La multa dell'Antitrust, relativa al procedimento antitrust A514, è legata al piano Cassiopea di TIM (sotto l’AD Cattaneo), che prevedeva la copertura di alcune di queste aree con tecnologia FttC, sovrapponendosi a Open Fiber. Con la riduzione della sanzione, riparte la causa civile promossa da Open Fiber che aveva chiesto un risarcimento danni da Eu2bn.
La conferma della sanzione, infatti, rafforza l’accusa di abuso di posizione dominante contro TIM. In parallelo, vi è incertezza sull’attribuzione di responsabilità future, considerato il recente passaggio della rete ex TIM a FiberCop, consorzio di investitori guidato da KKR, che dovrà valutare eventuali trasferimenti di responsabilità secondo i termini del Master Service Agreement (MSA) tra le due società.
Effetto
Da un nostro contatto con la Società, risulta che:
a) TIM avrà la responsabilità della multa e l'onere della richiesta di risarcimento danni avanzata da Open Fiber;
b) TIM valuta il rischio associato come molto basso.

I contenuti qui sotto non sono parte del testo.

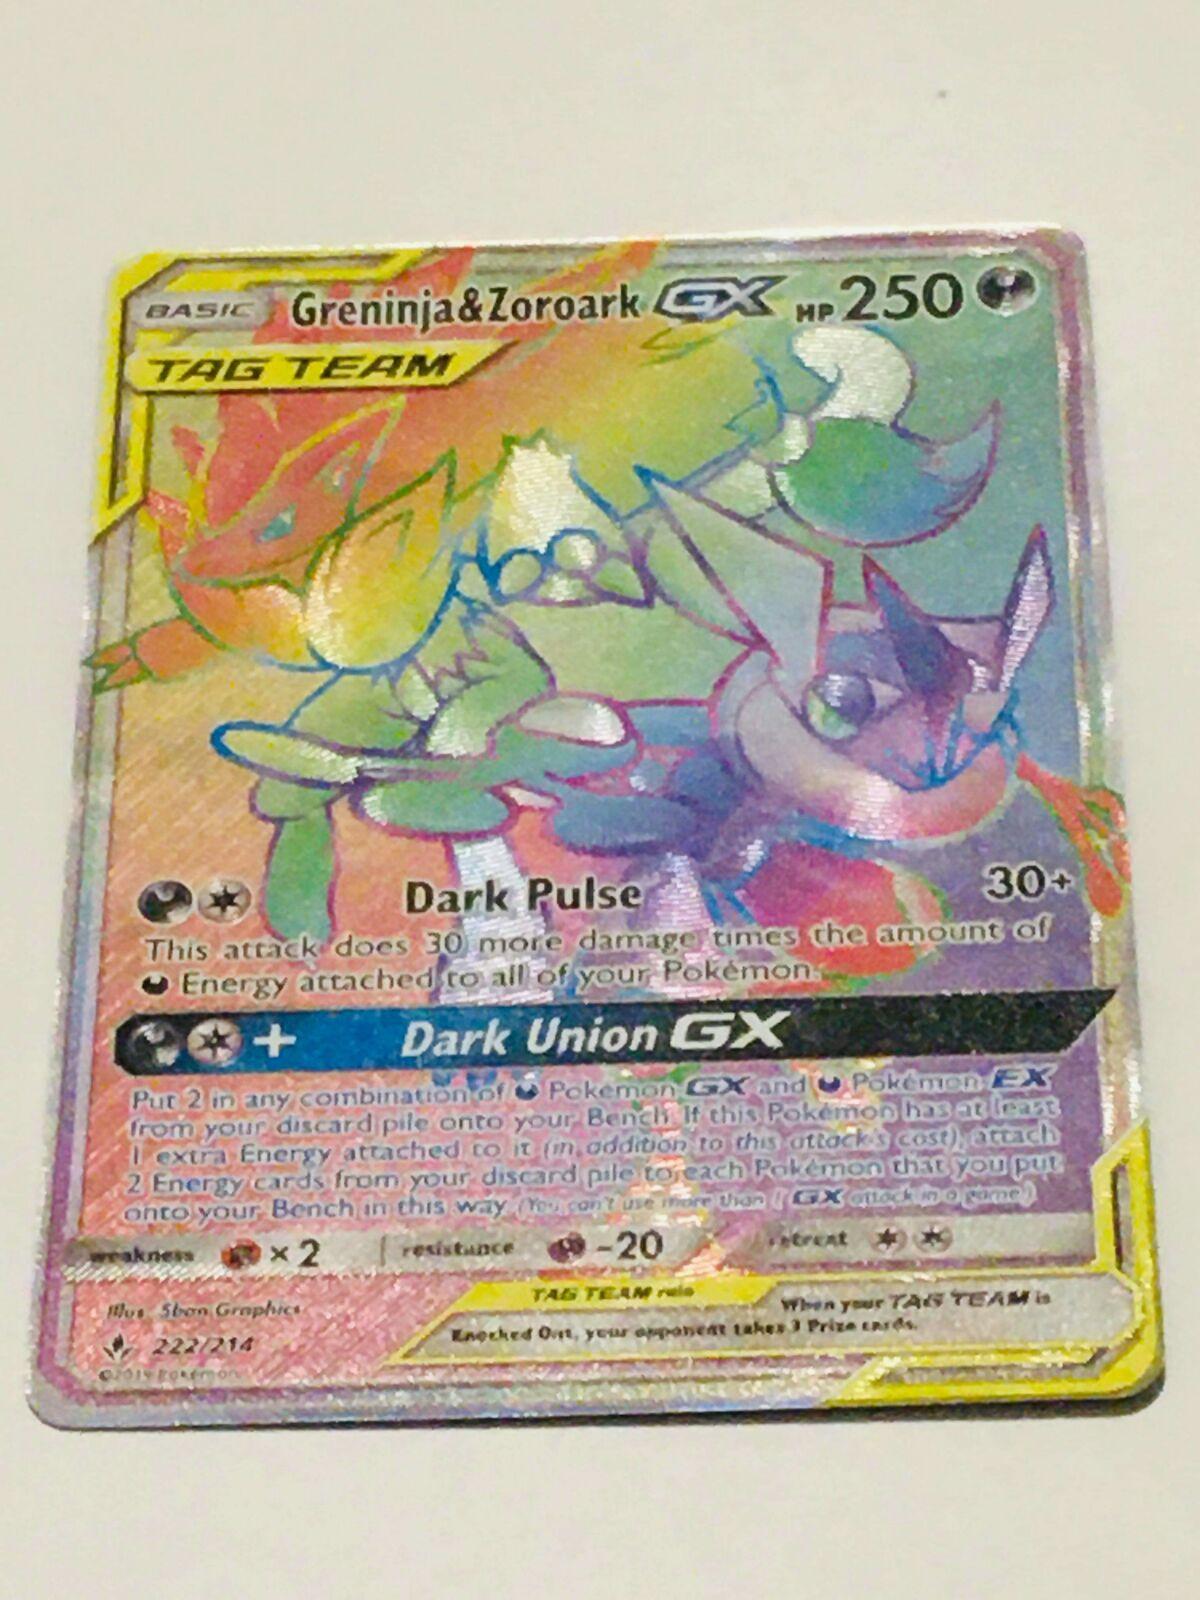 222214 greninjazoroark gx pokemon card pokemon

Per background: dall’ultima relazione semestrale di TIM emerge che nel 2017, AGCM ha avviato il caso A514 per investigare un possibile abuso di posizione dominante da parte di TIM nei mercati dei servizi di accesso wholesale e retail su rete fissa a banda larga e ultralarga ai danni di Open Fiber e di altri operatori (tra cui Enel, Vodafone, Wind3). Dopo successive proroghe e un’indagine estesa, nel 2020 l’AGCM ha sanzionato TIM con una multa da Eu116mn per presunta strategia anticoncorrenziale.
TIM ha poi impugnato la decisione e, a maggio 2024, una CTU (consulenza tecnica d’uffici) ha depositato il report finale in vista dell’udienza pubblica fissata per il 10 ottobre 2024.